Of note, although some mechanistic insights are still lacking, this study does provide important evidence confirming the detrimental impact of exposure to broad-spectrum antibiotics before CAR-T therapy on patients’ outcomes. Although gut microbiota modulation through fecal microbiota transfer is already under investigation, it would seem important to change our practice regarding use of antibiotics for patients eligible for CAR-Ts, in particular by avoiding the use of piperacillin/tazobactam, meropenem or imipenem/cilastatin when feasible in those patients. Finally, given the impact of diet on gut microbiota composition,⁸ and the fact that patients with lymphoma frequently have a poor diet due to decreased appetite, these factors should be more closely analyzed in future studies to evaluate the respective effects of diet and antibiotics on gut microbiota dysbiosis in this setting. Indeed, improvement of nutritional status with well-designed dietary approaches and use of prebiotics may help to further enhance the potential efficacy of fecal microbiota transfer in these patients.
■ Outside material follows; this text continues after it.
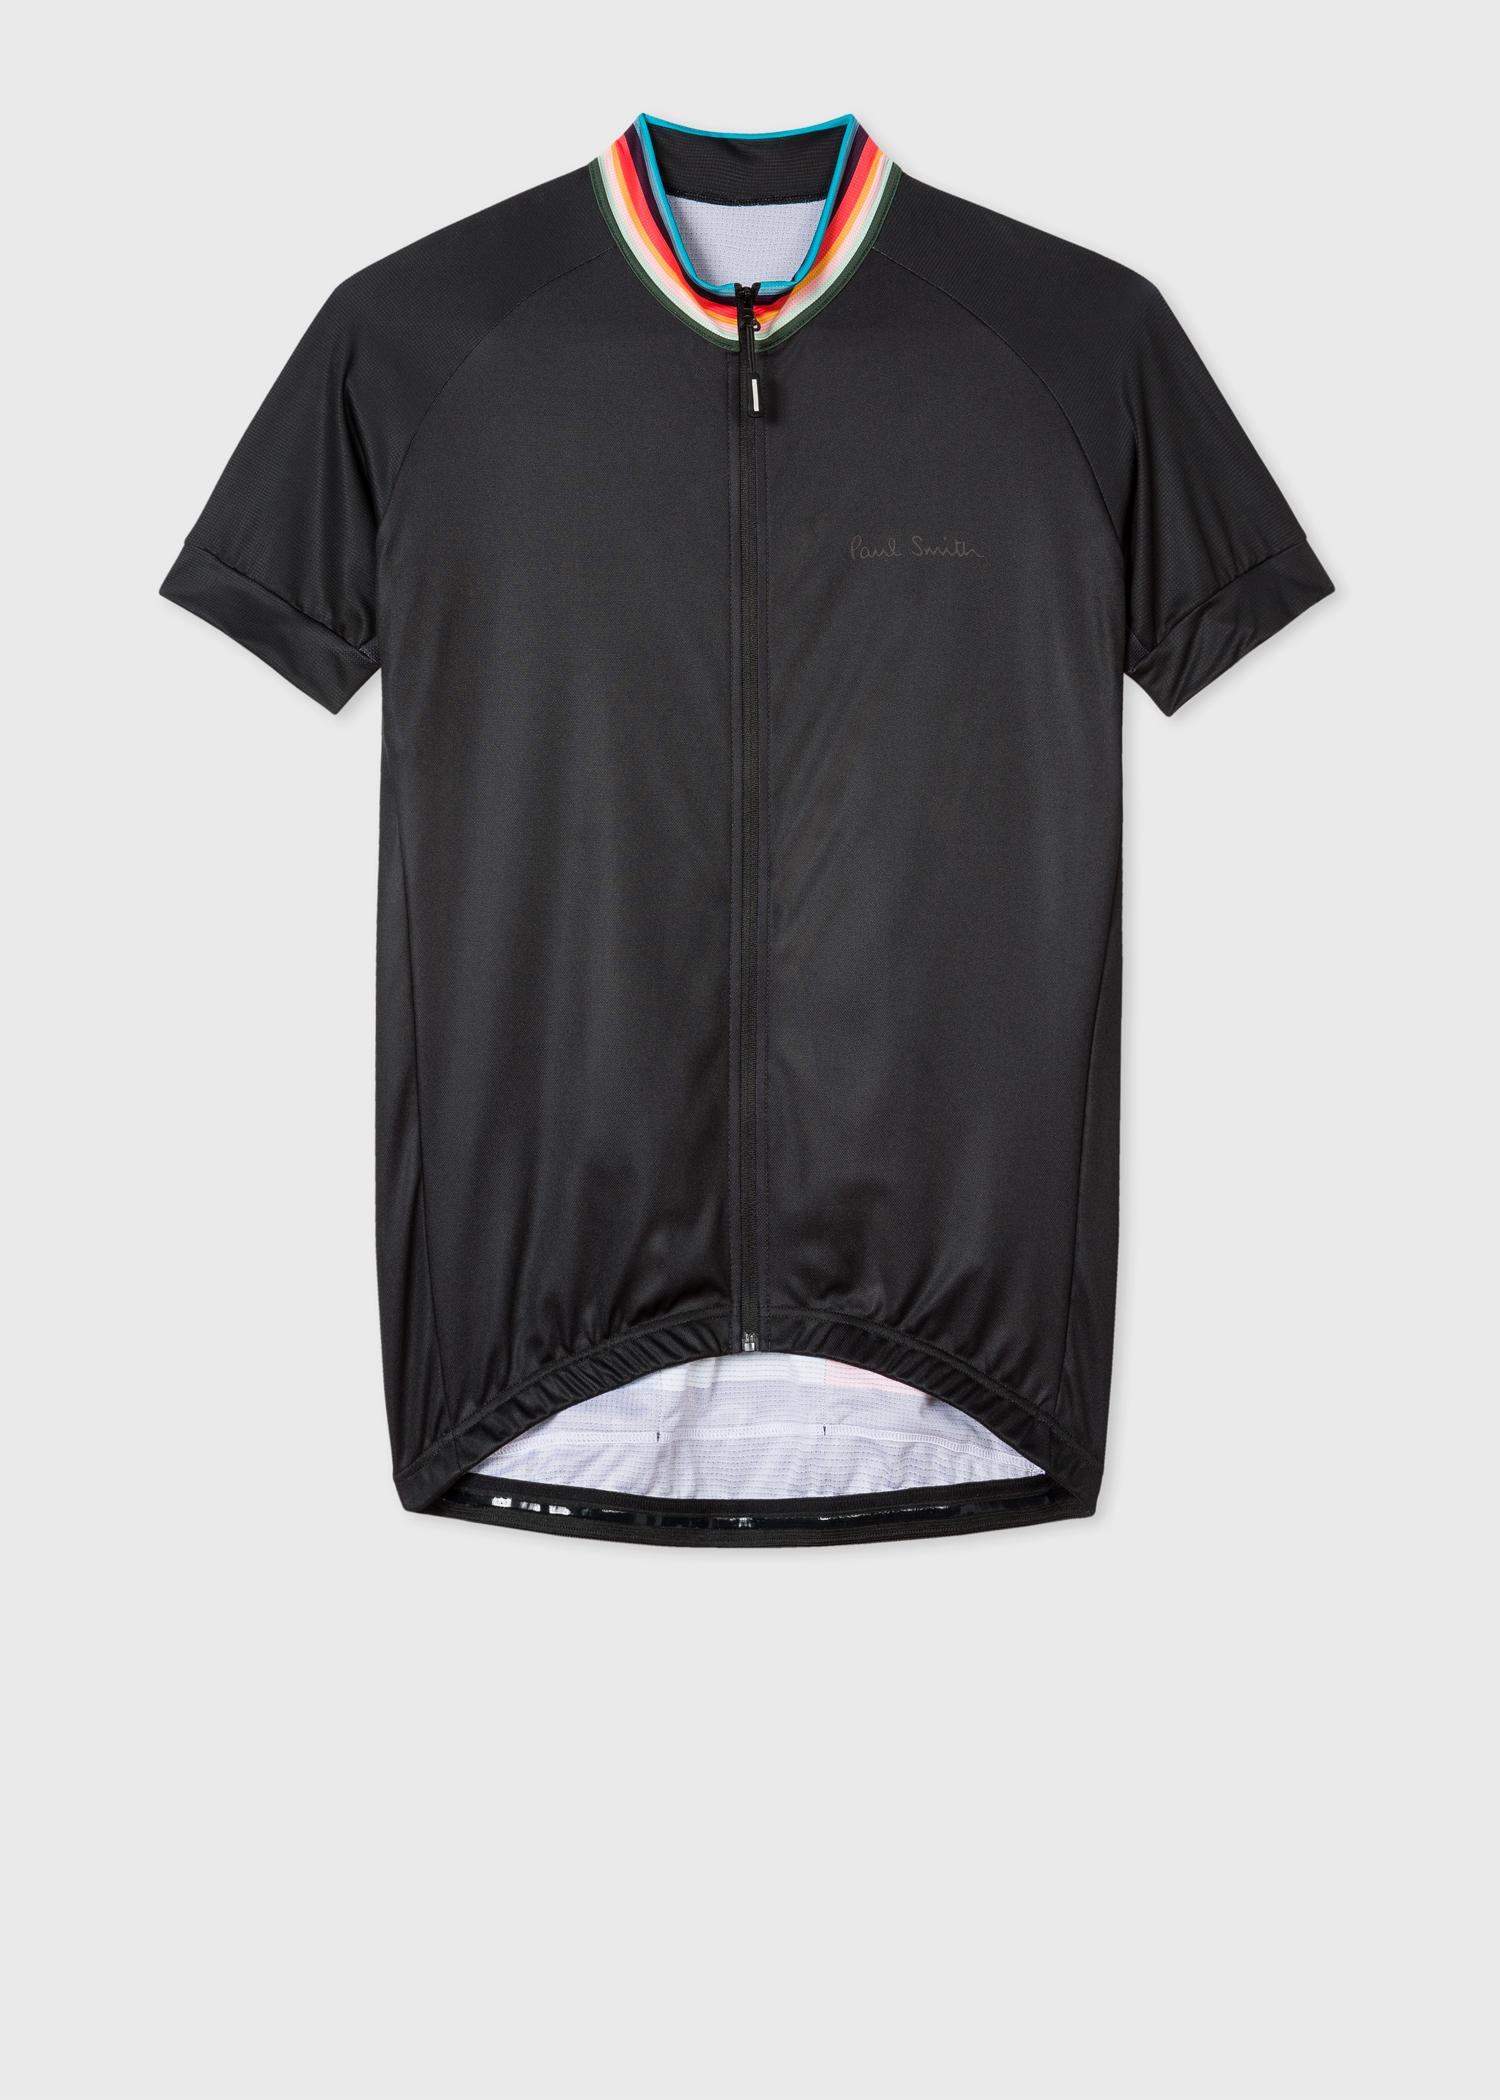 adb297d15 Black Cycling Jersey With  Artist Stripe  Collar - Paul Smith

Conflict-of-interest disclosure: M.M. reports grants and lecture honoraria from Janssen, Sanofi, Maat Pharma, and Jazz Pharmaceuticals; lecture honoraria from Celgene, Amgen, Bristol Myers Squibb (BMS), Takeda, and Pfizer; and grants from Roche, all outside the submitted work. F.M. reports lecture honoraria from Therakos/Mallinckrodt, BMS, MSD, Sanofi, Novartis, AstraZeneca, and Jazz Pharmaceuticals, all outside the submitted work.